» Input data:
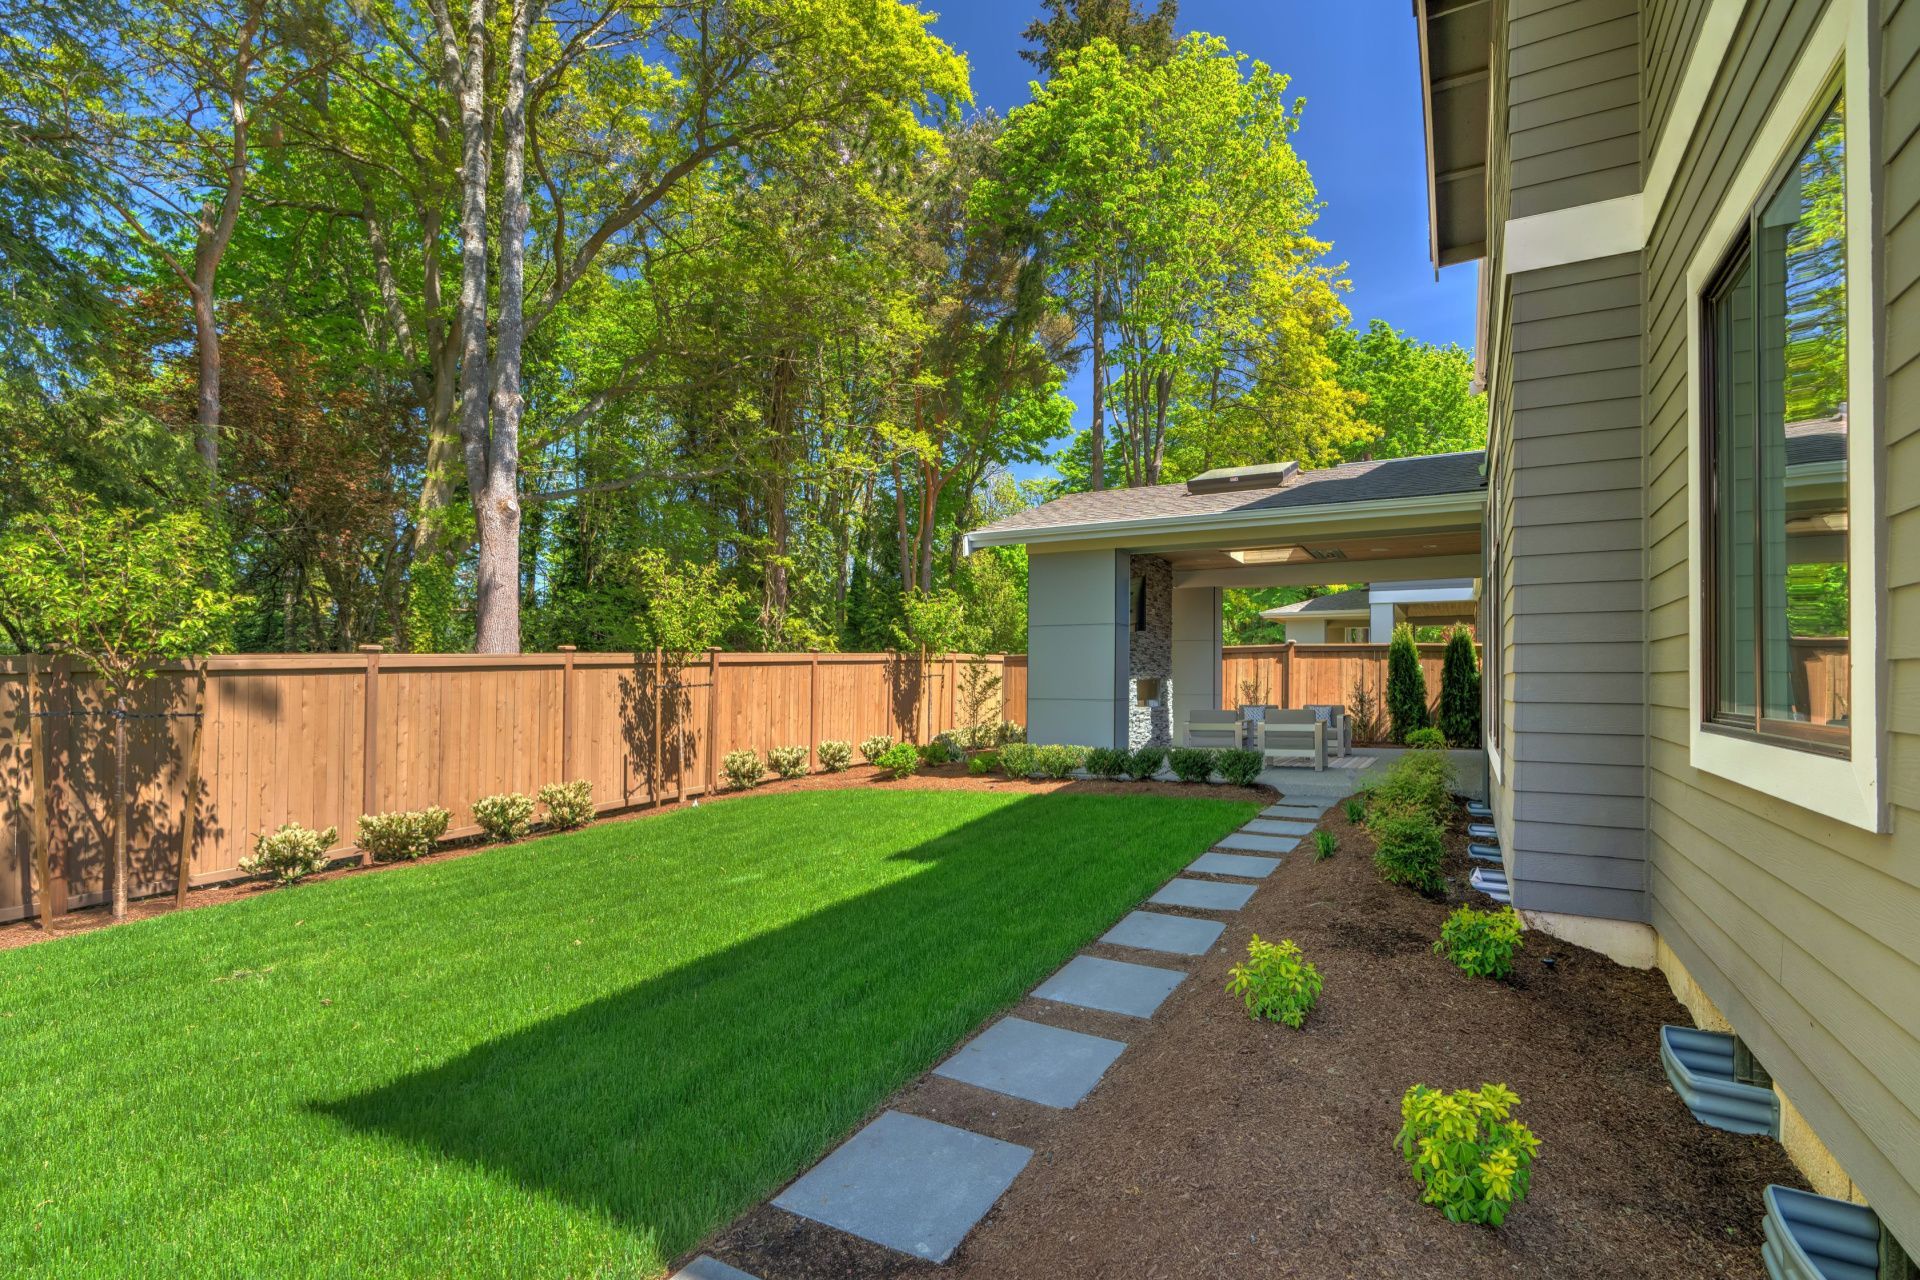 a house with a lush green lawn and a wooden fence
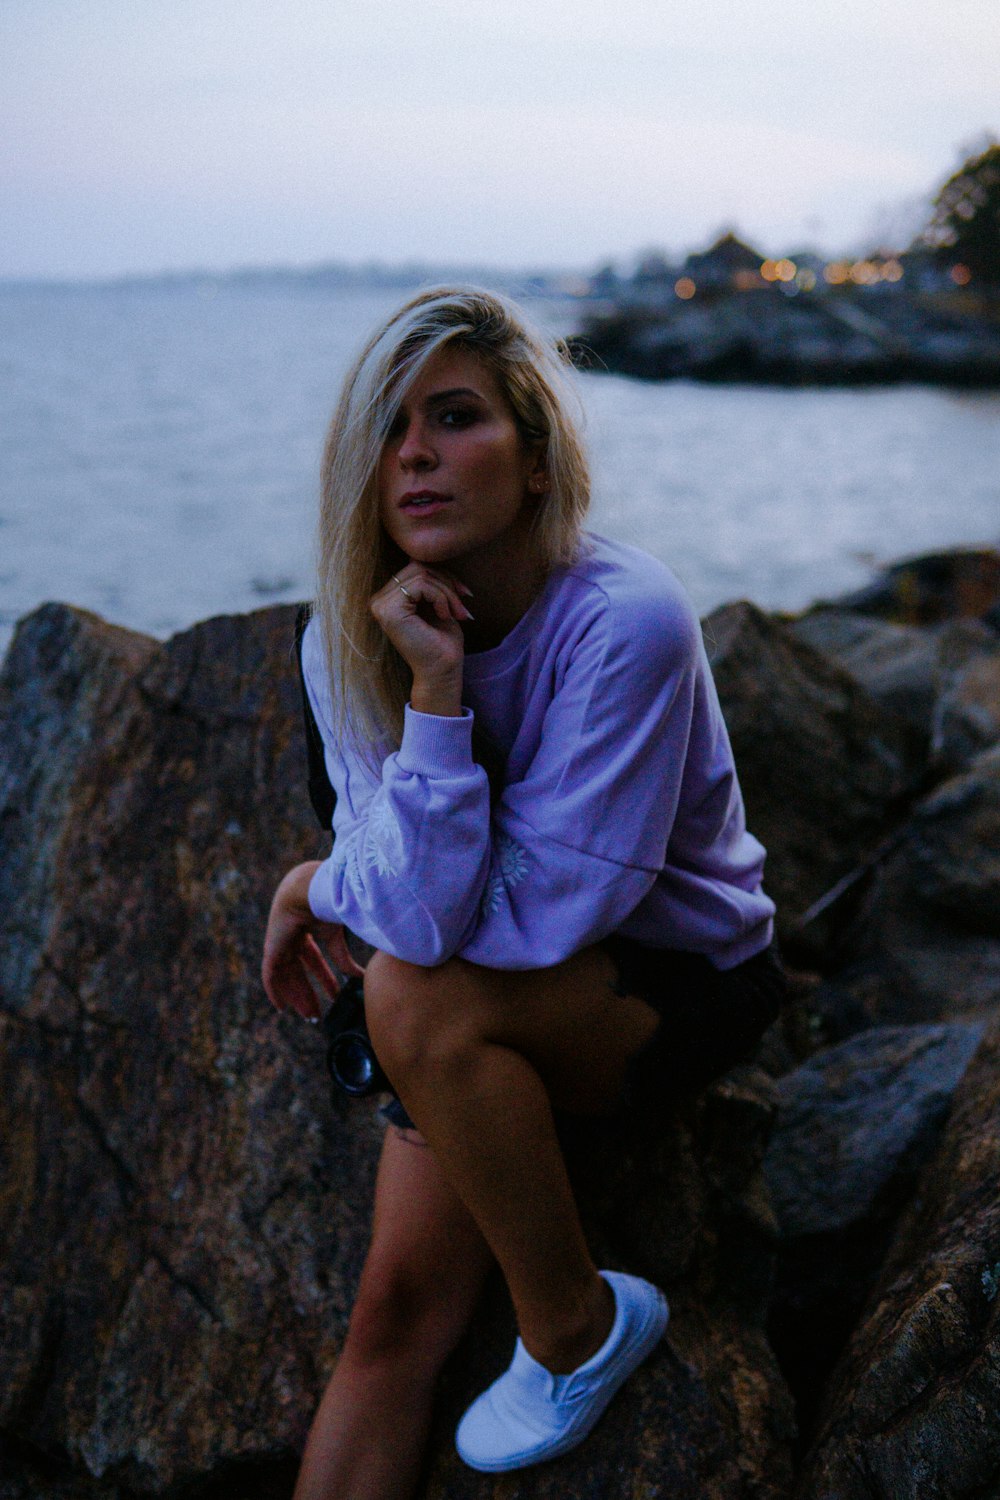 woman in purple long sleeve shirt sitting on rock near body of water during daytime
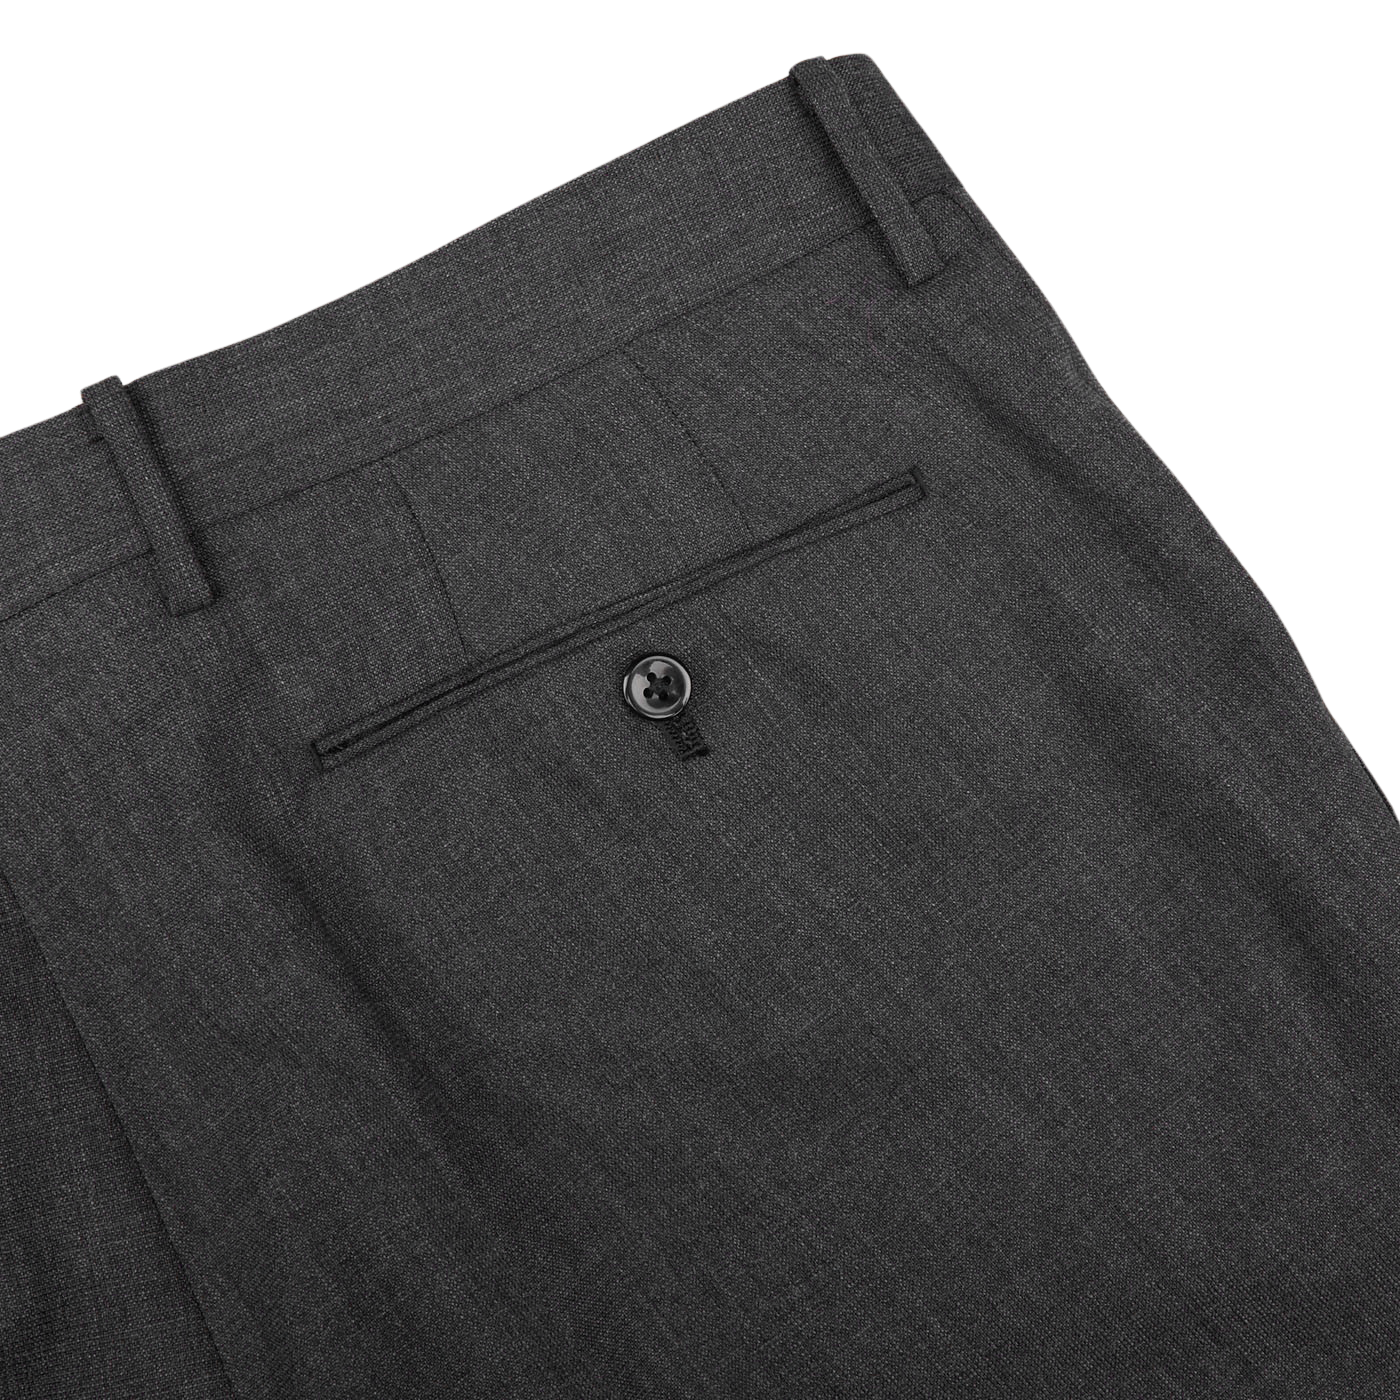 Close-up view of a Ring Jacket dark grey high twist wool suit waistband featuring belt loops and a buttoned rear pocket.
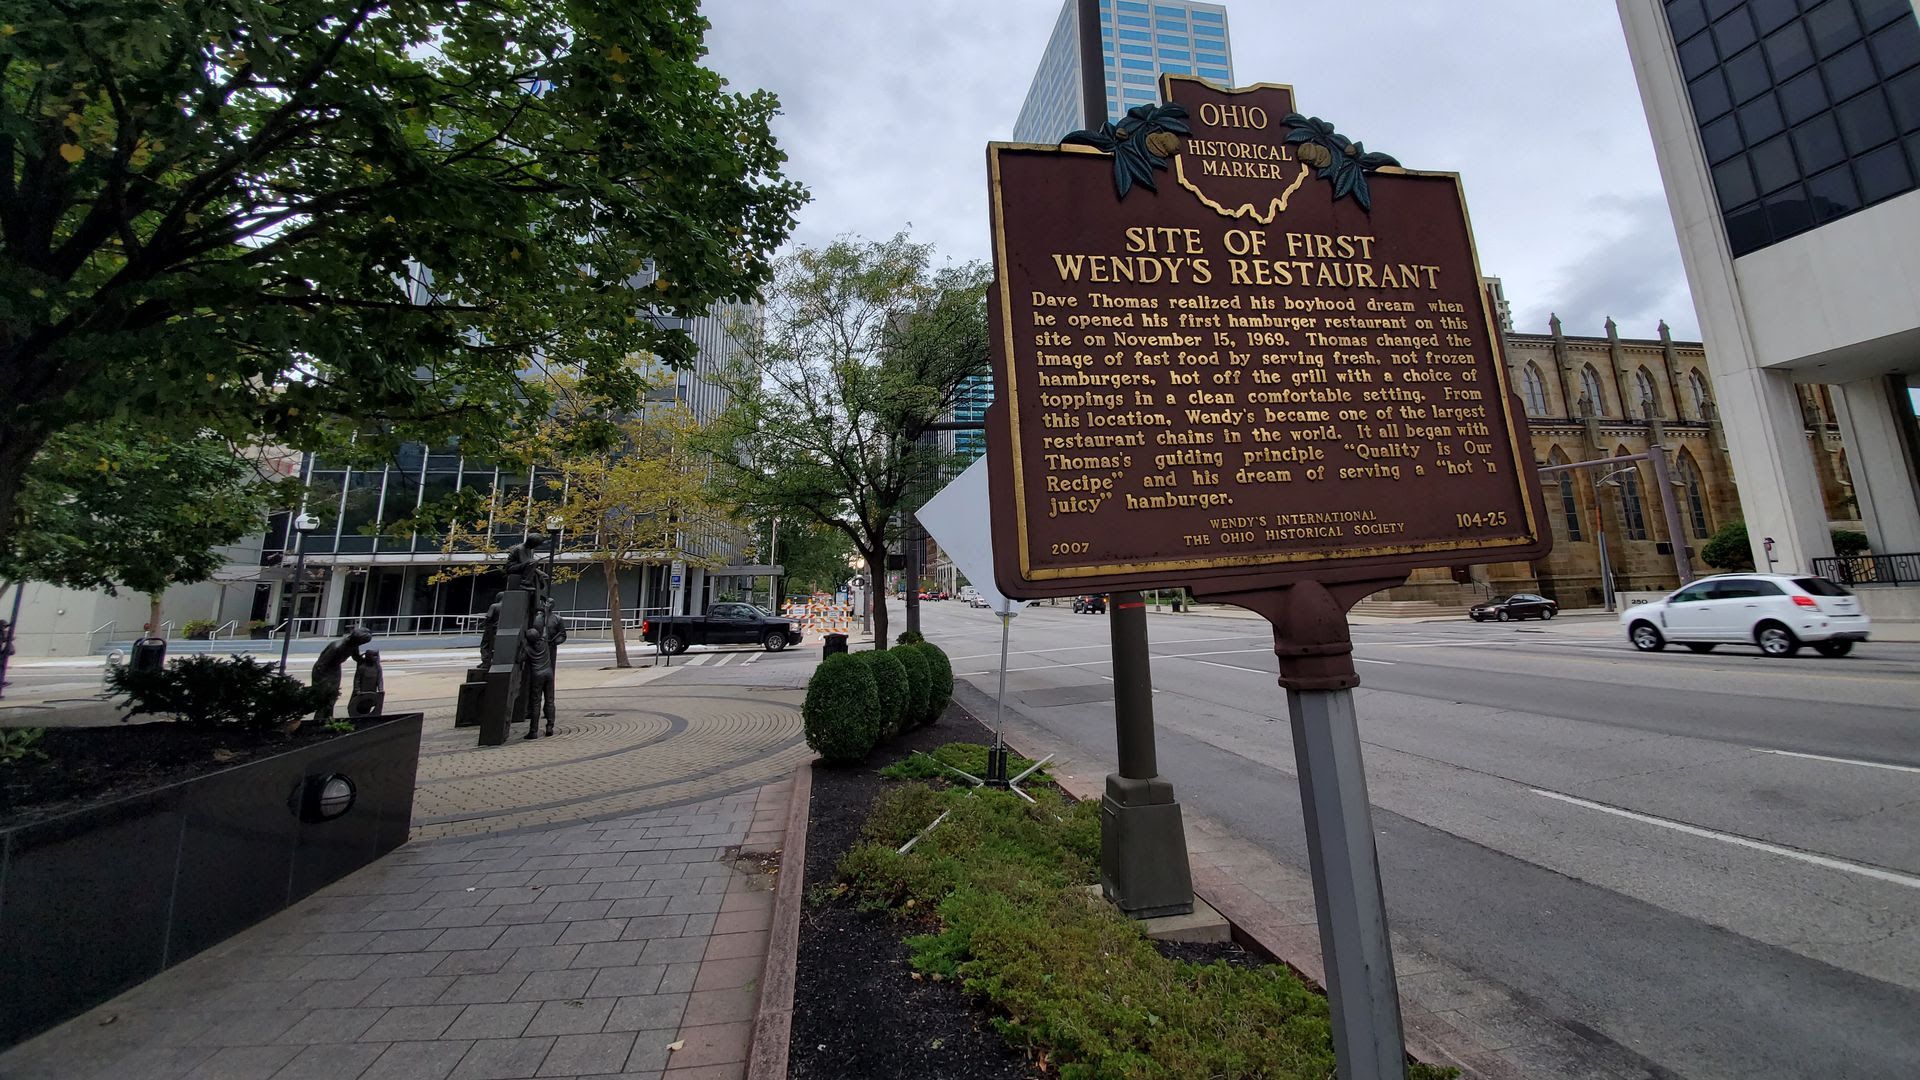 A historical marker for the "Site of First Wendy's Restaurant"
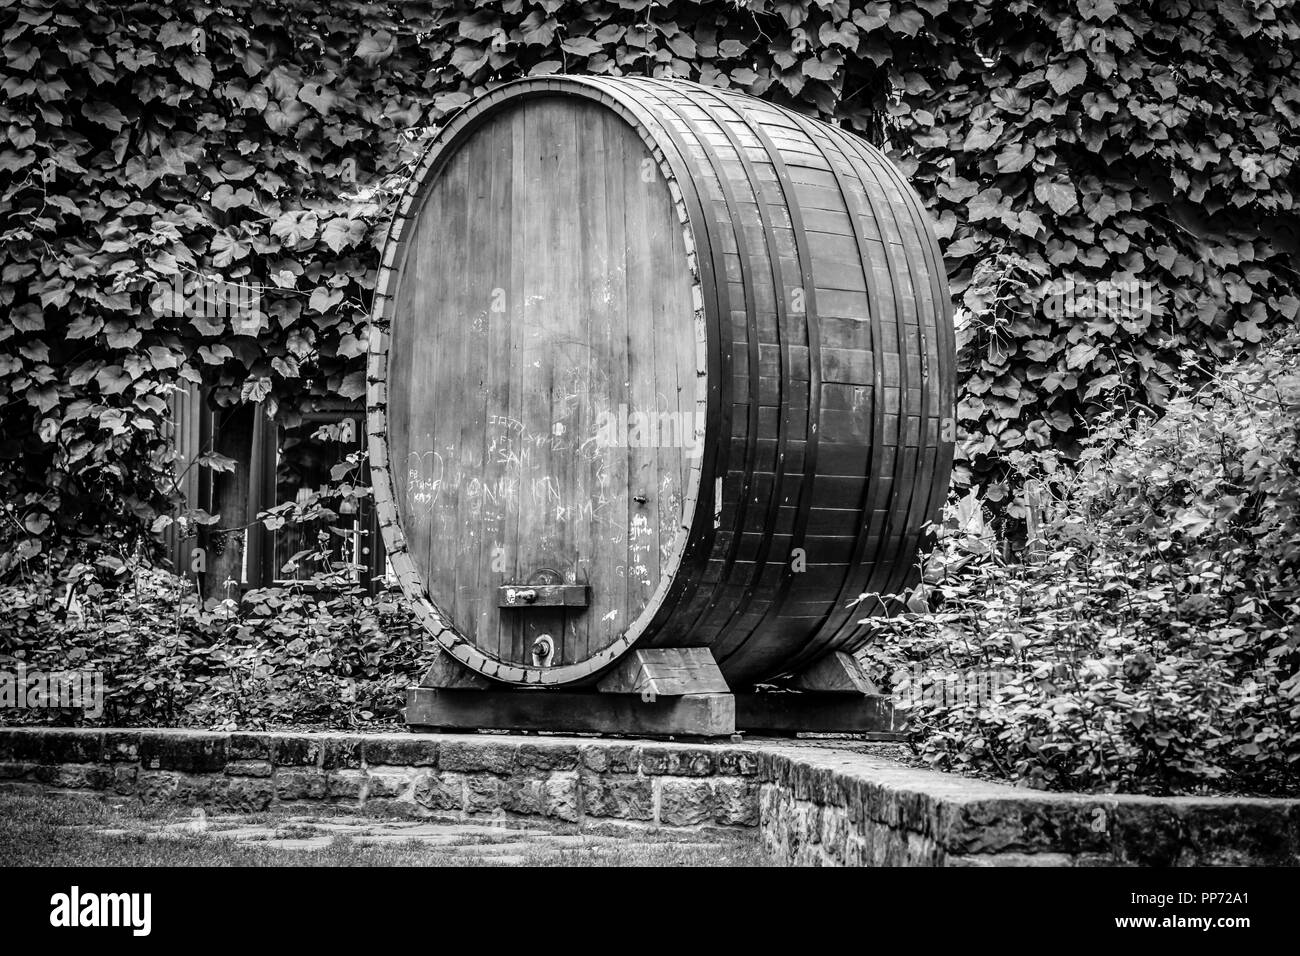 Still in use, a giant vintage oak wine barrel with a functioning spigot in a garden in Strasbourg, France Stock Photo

» What you have to do: The answer is the full listing above, repeated exactly, with its pictures removed.

» Exercise output:
 a house with a lush green lawn and a wooden fence
 woman in purple long sleeve shirt sitting on rock near body of water during daytime
 Close-up view of a Ring Jacket dark grey high twist wool suit waistband featuring belt loops and a buttoned rear pocket.
 A historical marker for the "Site of First Wendy's Restaurant"
 Still in use, a giant vintage oak wine barrel with a functioning spigot in a garden in Strasbourg, France Stock Photo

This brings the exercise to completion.